## PROBLEM STATEMENT
What appears from the first line of the data below through the line containing "canon eos 6d", both included, should be copied exactly, and nothing else.

## SOURCE MATERIAL
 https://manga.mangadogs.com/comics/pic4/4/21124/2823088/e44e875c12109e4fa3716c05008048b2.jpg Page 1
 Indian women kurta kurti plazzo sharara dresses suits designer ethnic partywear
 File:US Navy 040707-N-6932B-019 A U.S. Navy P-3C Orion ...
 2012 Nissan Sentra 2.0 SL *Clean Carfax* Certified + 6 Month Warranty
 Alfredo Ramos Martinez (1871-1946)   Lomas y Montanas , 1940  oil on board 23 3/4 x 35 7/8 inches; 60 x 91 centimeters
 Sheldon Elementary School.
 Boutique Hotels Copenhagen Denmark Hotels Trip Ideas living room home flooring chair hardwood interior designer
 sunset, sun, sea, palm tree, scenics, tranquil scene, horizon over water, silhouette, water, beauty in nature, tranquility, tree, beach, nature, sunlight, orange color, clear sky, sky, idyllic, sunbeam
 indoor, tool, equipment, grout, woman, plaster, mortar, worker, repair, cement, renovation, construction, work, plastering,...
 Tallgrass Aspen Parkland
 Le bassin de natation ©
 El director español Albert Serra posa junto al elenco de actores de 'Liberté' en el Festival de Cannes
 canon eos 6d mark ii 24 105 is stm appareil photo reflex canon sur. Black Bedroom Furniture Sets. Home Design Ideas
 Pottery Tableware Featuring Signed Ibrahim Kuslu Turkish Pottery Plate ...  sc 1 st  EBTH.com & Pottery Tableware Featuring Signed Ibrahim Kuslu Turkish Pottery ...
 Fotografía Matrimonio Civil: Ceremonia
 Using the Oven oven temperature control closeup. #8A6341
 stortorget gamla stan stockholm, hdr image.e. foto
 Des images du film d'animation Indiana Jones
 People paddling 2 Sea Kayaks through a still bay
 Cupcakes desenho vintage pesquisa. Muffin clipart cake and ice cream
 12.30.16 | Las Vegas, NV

## ANSWER TO THIS TASK
 https://manga.mangadogs.com/comics/pic4/4/21124/2823088/e44e875c12109e4fa3716c05008048b2.jpg Page 1
 Indian women kurta kurti plazzo sharara dresses suits designer ethnic partywear
 File:US Navy 040707-N-6932B-019 A U.S. Navy P-3C Orion ...
 2012 Nissan Sentra 2.0 SL *Clean Carfax* Certified + 6 Month Warranty
 Alfredo Ramos Martinez (1871-1946)   Lomas y Montanas , 1940  oil on board 23 3/4 x 35 7/8 inches; 60 x 91 centimeters
 Sheldon Elementary School.
 Boutique Hotels Copenhagen Denmark Hotels Trip Ideas living room home flooring chair hardwood interior designer
 sunset, sun, sea, palm tree, scenics, tranquil scene, horizon over water, silhouette, water, beauty in nature, tranquility, tree, beach, nature, sunlight, orange color, clear sky, sky, idyllic, sunbeam
 indoor, tool, equipment, grout, woman, plaster, mortar, worker, repair, cement, renovation, construction, work, plastering,...
 Tallgrass Aspen Parkland
 Le bassin de natation ©
 El director español Albert Serra posa junto al elenco de actores de 'Liberté' en el Festival de Cannes
 canon eos 6d mark ii 24 105 is stm appareil photo reflex canon sur. Black Bedroom Furniture Sets. Home Design Ideas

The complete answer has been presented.